Wild yeasts are the connecting thread for most sours. In Belgian styles, there might be thousands of different yeast strains and microorganisms at work. Elsewhere you’ll find Flanders reds, a darker, wine-like, almost tart grape style or a German Berliner Weisse, using the Lactobacillus bacteria. The flavors here will be somewhat cleaner, sour, and acidic. The German gose style typically uses coriander and salt, for a slightly sour, clean acidity.
Brettanomyces is a key component in the sours they’ve worked with at Mystic, a yeast that adds a complex, earthy, “barn yard” flavor to beers, the types of things you’d find in a soft cheese. That’s what you’ll find in lambics and the more complicated Belgians. That’s not something easily replicated in the more urban environs of an American brewery, which is why goes and Berliner Weisse are more typically favored by Americans. “We can’t just open our windows, we don’t have the same type of yeast,” Berceli says.
The sours on offer at Mystic and other local breweries tend to be seasonal and short runs — as the process is lengthy and unpredictable. That means they also tend to be more expensive than a beer neophyte might be used to paying. A recent release was their Letters After Z, a saison farmhouse, dry-hopped sour ale using Lactobacillus. The result was akin to fresh-squeezed grapefruit, with bright citric acidity and a touch of lychee.
In the coming months they’ll be releasing another sour per month, using different types of hops and acidity levels.
Lactobacillus plays a significant role in the sours they’ve produced at Night Shift Brewing in Everett, co-founder Michael Oxton says. The chief result is a beer with a higher level or acidity and tartness. Their most successful sours to date, however, have been Berliner Weiss styles utilizing different types of fruit, like the Ever Weisse aged with strawberries, kiwis and hibiscus. New beers will be rolling out soon, and some are available at their tap room now.
“I would say it’s totally different than any traditional beer that most people have had,” he says of the appeal. “A lot of people come in and taste sour for the first time and don’t believe it’s beer. That’s a combination of using fruit and Lactobacillus, you get this really tart, acidic flavor profile, something that tastes completely different than an IPA or lager.”
Outside of tap rooms, you’ll find a wide array of sours at bars like Lord Hobo, Publick House, and the Tip Tap Room, or on Figuerido’s bar at the Independent.
“We always have Duchesse on because it’s a classic,” she says.

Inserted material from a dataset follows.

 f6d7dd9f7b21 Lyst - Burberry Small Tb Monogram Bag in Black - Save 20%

Also on offer at the moment is Tartare Rouge from Bear Republic, a sour red ale made with airborne wild yeast and bacteria from Sonoma County, and The Sauer Peach from Sloop Brewing in New York, a Berliner Weisse style fermented with peaches. She calls it a beautiful marriage of sour and sweet.

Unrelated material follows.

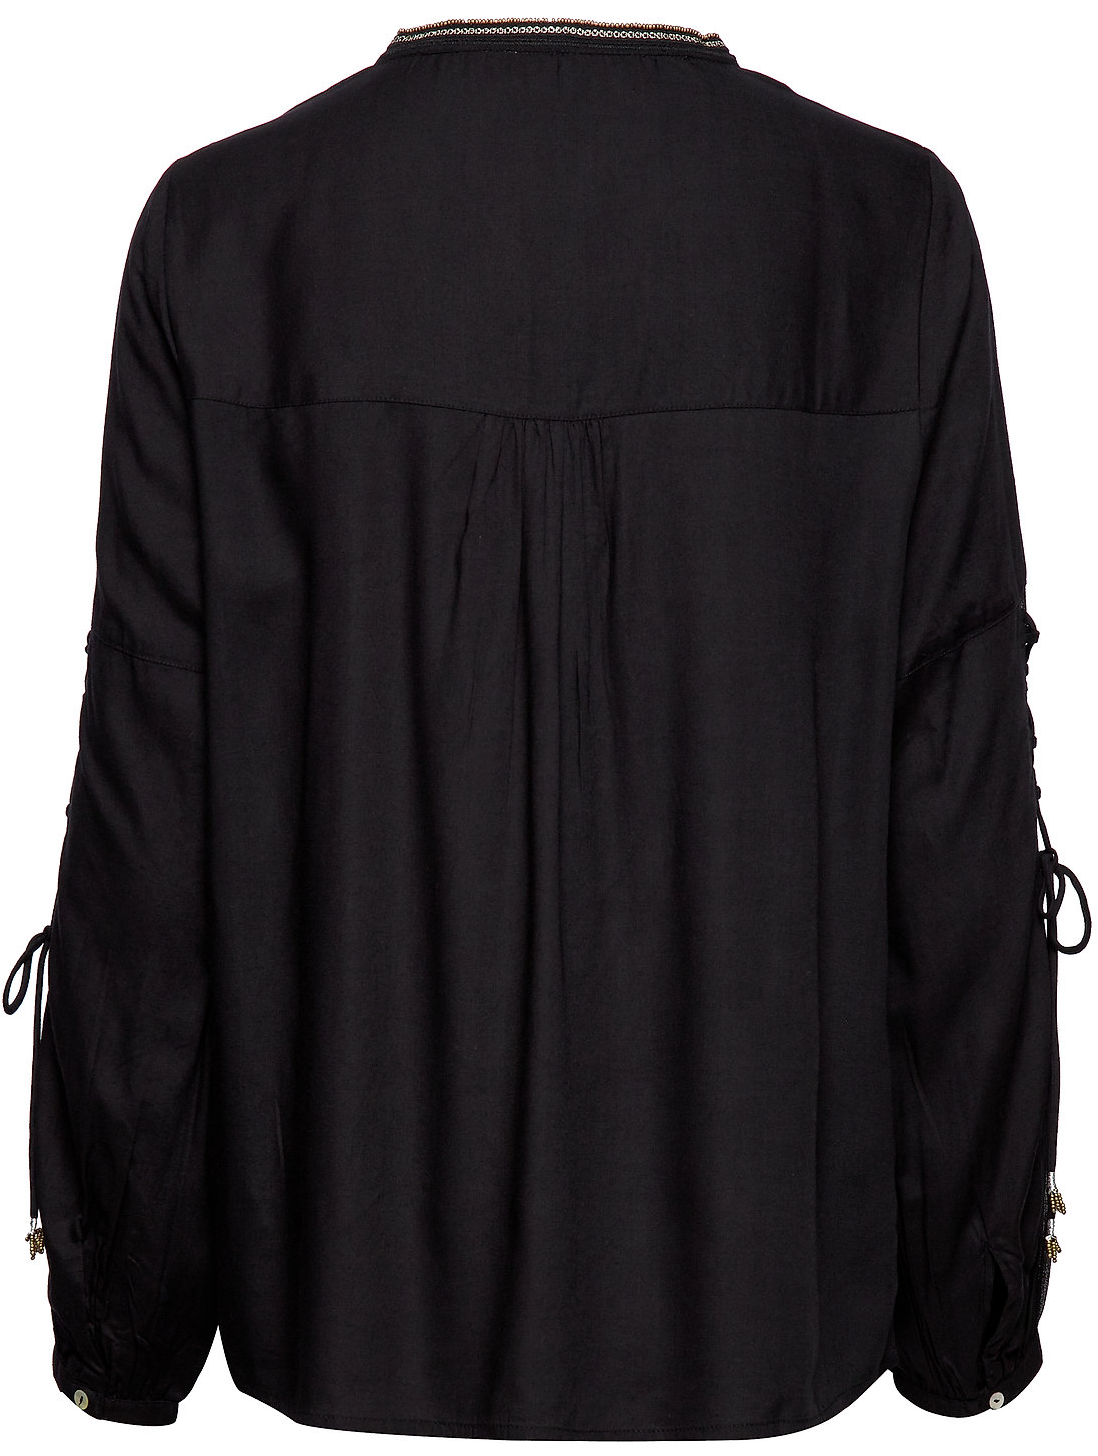 Blouse Luxa Black-2

Contrary to the name, these aren’t the type of sour you might be thinking of.
"I think when they hear the term sour people automatically think of sour candy,” she says. “It's just going to explode in your mouth. It’s like that but not. It’s not going to make you pucker in that overly sweet taste. It’s a refreshing sour beer.”
As the spring and summer approaches, it’s a great time to reach for a sour, Berceli says, particularly one using Lactobacillus. “It’s the perfect warm weather drink. You’re getting a slight acidic tang like you get in lemonade, and more often than not lower alcohol content, and refreshing.”